Reason-Respecting Tendency

People comply far more readily when given a reason — which aids real learning but can be exploited by stating a meaningless 'because.'

Humans cooperate better and learn better when things are explained with reasons. We are built to respond to “because,” and a request accompanied by a rationale gets far more compliance than the same request with no explanation. This is mostly a good thing: it is why teaching ideas as part of a web of reasons makes them stick, and why Munger insisted on always learning the why behind a fact rather than memorizing it in isolation.

The exploit, demonstrated by the psychologist Ellen Langer, is that the reason does not have to be a good one — the mere form of a reason often suffices. In her experiment, someone trying to cut a copier line got much higher compliance by adding “because I have to make copies,” which is a non-reason (everyone in line is there to make copies), than by asking with no justification at all. The word “because” tripped the tendency even though the content was empty.

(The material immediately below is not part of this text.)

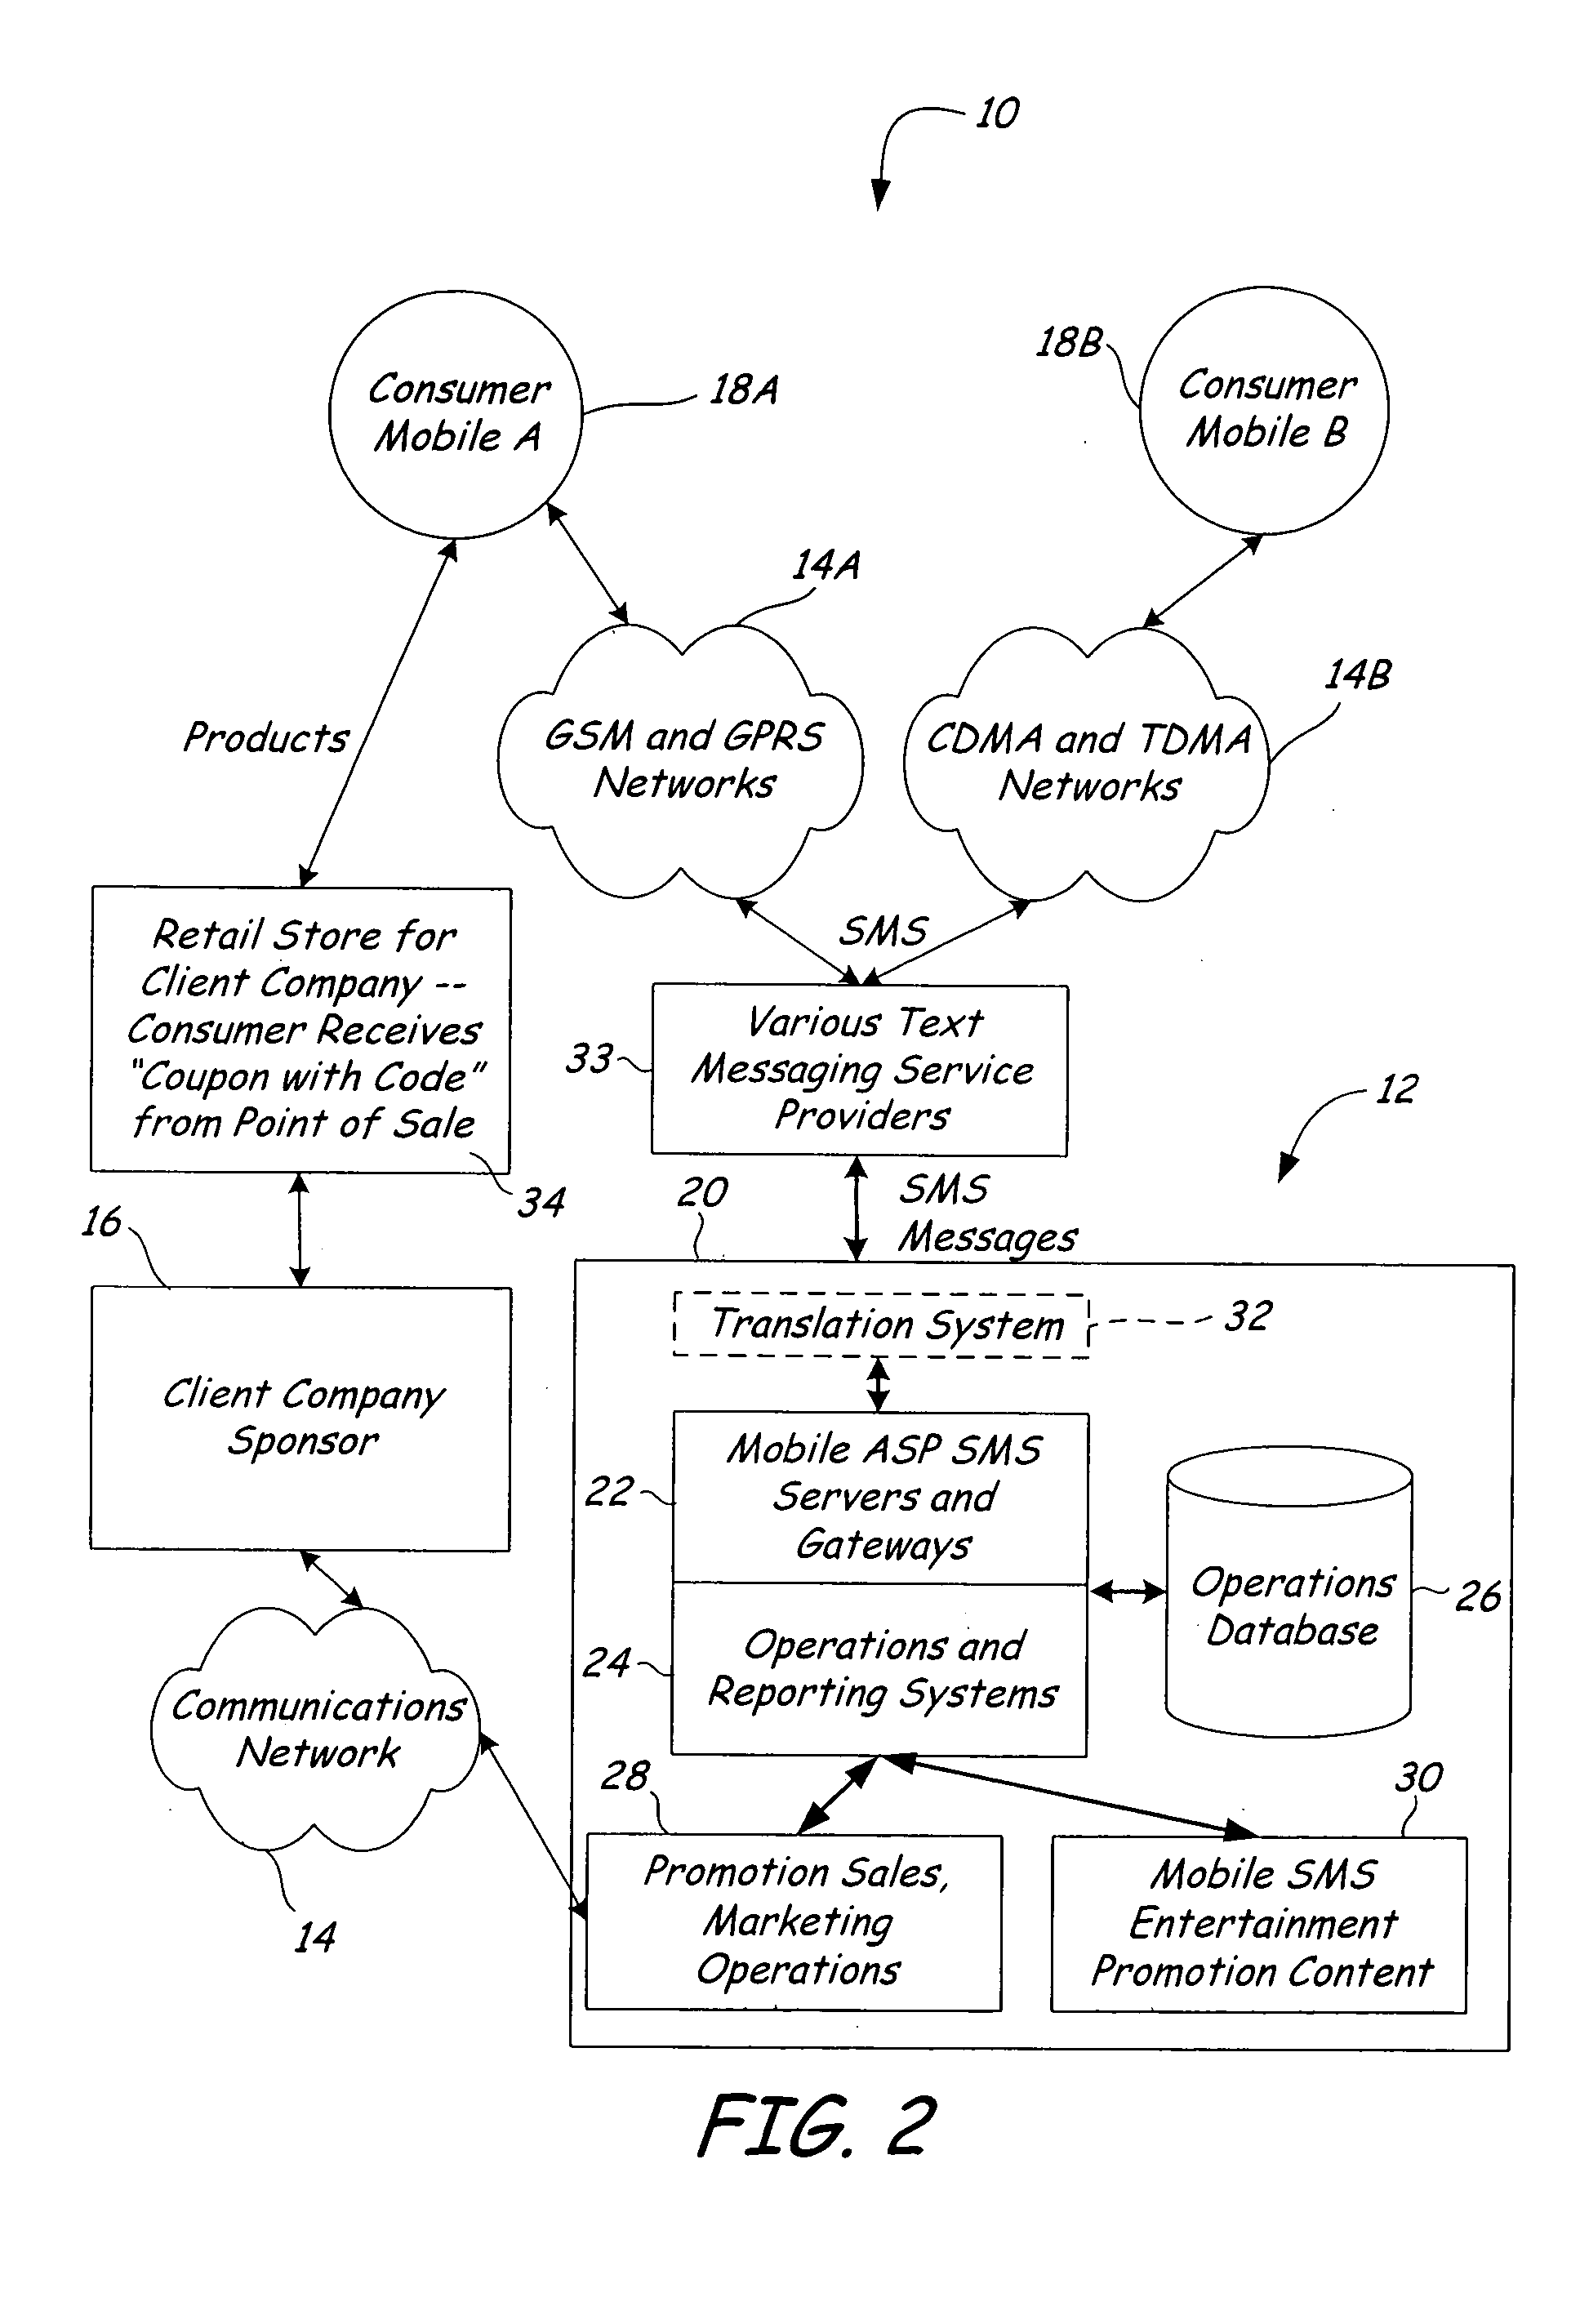 System and method for mobile telephone text message consumer promotions

So the tendency cuts both ways. Use it honestly: when you want cooperation, give people the real reasons, and when you want to learn or teach, anchor every fact to the causation behind it, because that is how knowledge becomes usable. Guard against it as well: when someone hands you a “because,” check whether the reason actually holds, since a hollow rationale can win your agreement on the strength of its form alone. Munger considered learning the genuine reasons behind things one of the central habits of an educated mind.